Muslims, Christians, and the Challenge of Interfaith Dialogue

By Jane Idleman Smith | Go to book overview

Preface

The following text is the result of many years of engagement in Christian-Muslim dialogue at the local and national levels. On the Christian side, it represents conversations that have taken place in the World Council of Churches, the National Council of Churches, local ecumenical councils, and churches and denominations. On the Muslim side, it is the product of many personal conversations with Muslim students and friends, and of working with Muslim councils and organizations in a number of different venues in the United States. It also reflects the ongoing mission of Hartford Seminary, at which I teach, to study and reflect on dialogue and to bring together Muslims and Christians for conversation and engagement.

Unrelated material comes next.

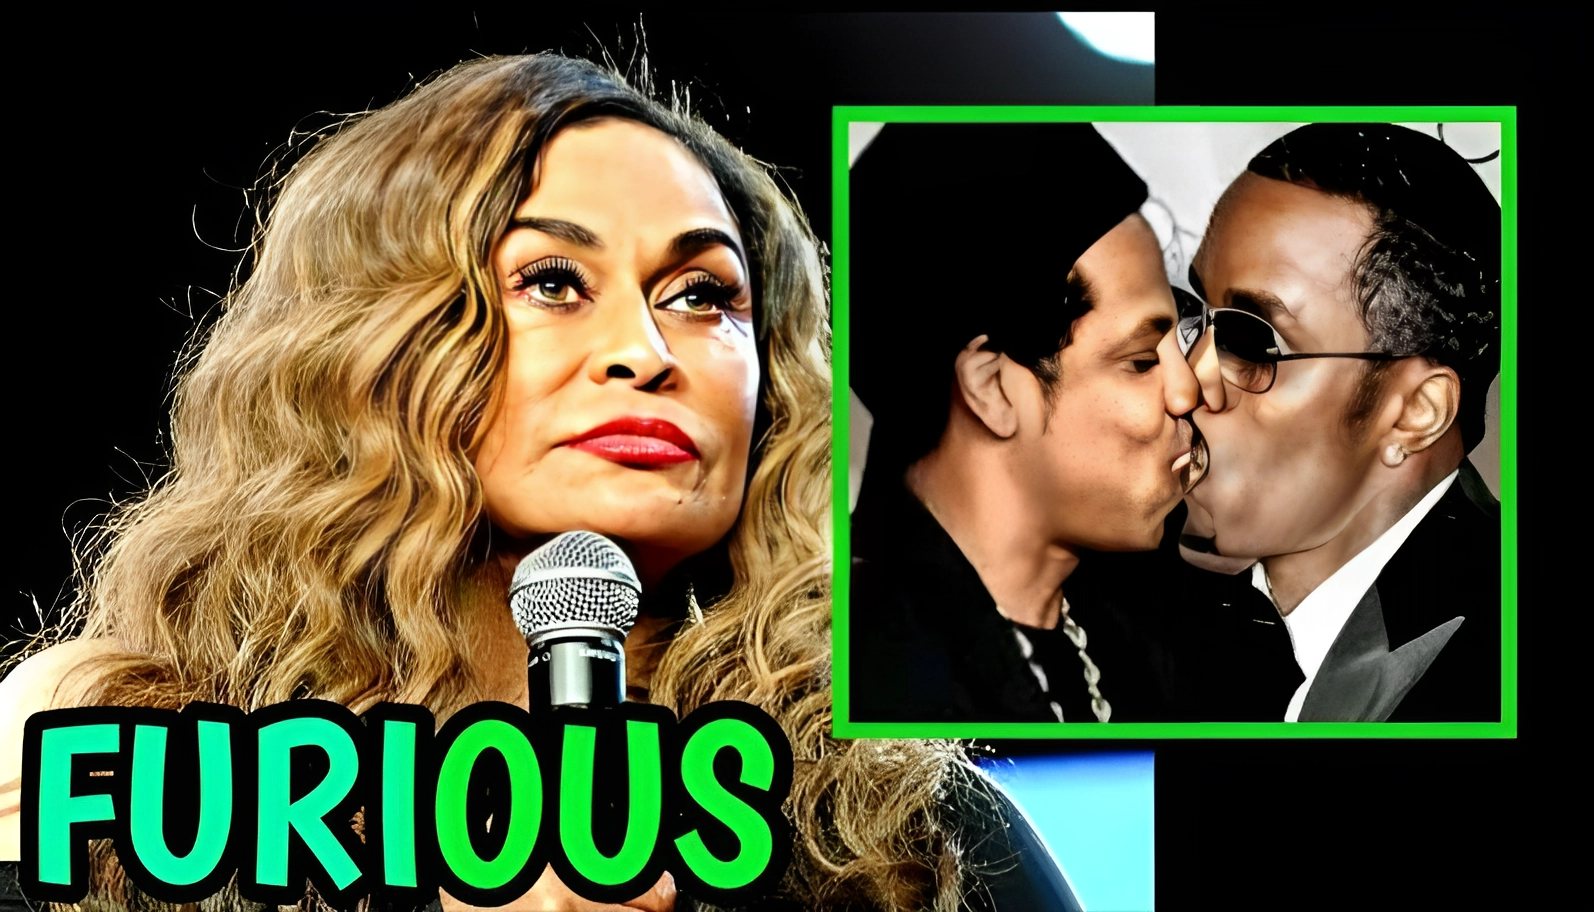 Tina Knowles Angrily VOWS Jay-Z Will Suffer After He Disgrace Beyonce By Having an Affair With Diddy
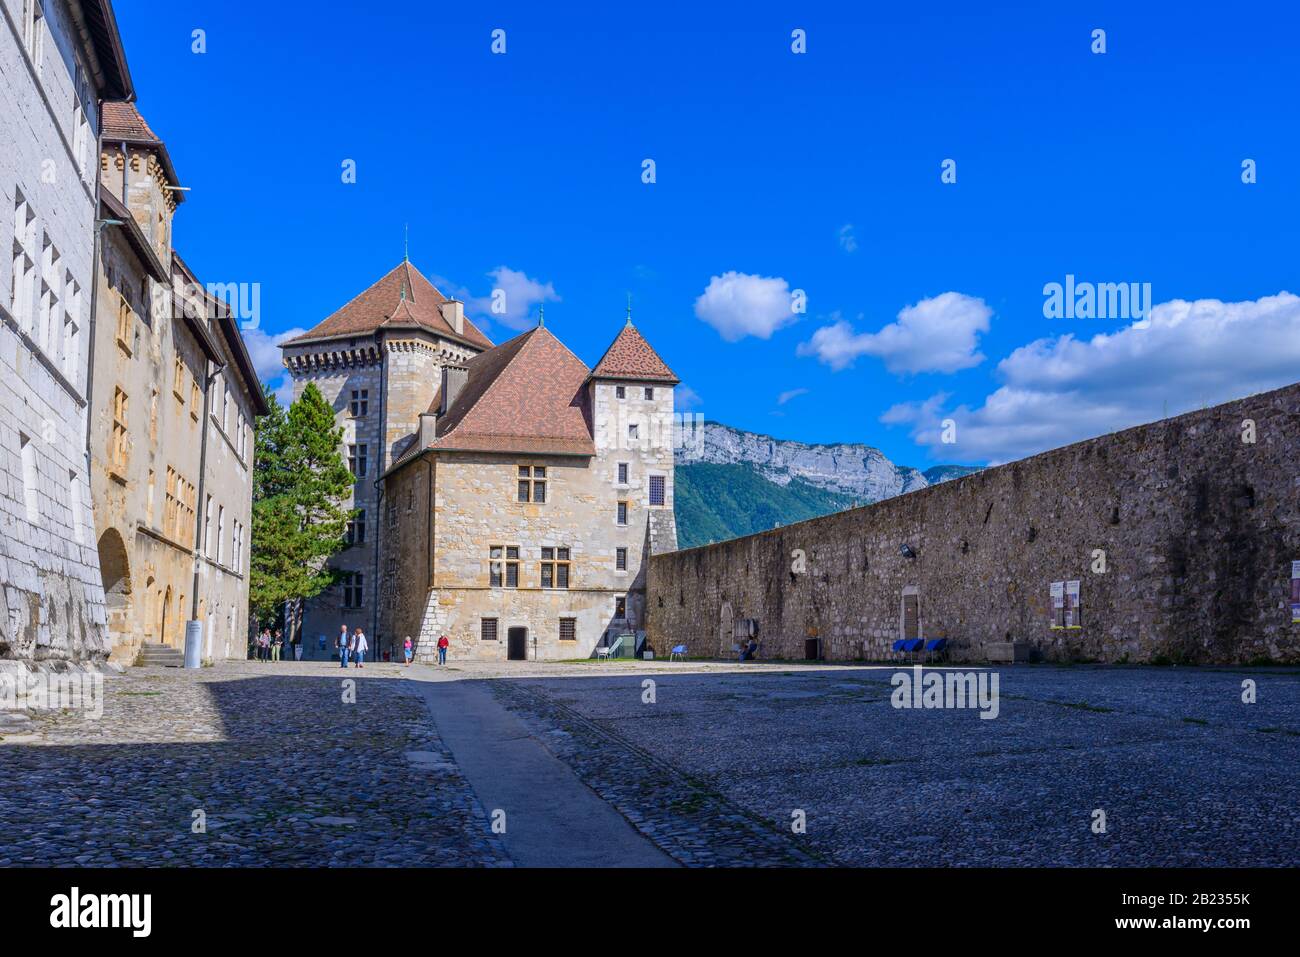 Château d'Annecy, a castle which dominates the old town of Annecy, France, which has been restored and transformed into a museum by the town. Stock Photo

Much of the information conveyed here, therefore, is the result of personal experience. Many Muslim and Christian friends and colleagues have talked with me about their participation in the dialogue, and have shared their reflections on its strengths and weaknesses. I have tried to portray these experiences and opinions as accurately as possible, quoting materials that have appeared in written form and making general reference without specific notation to those things that have been said, or written, to me in person.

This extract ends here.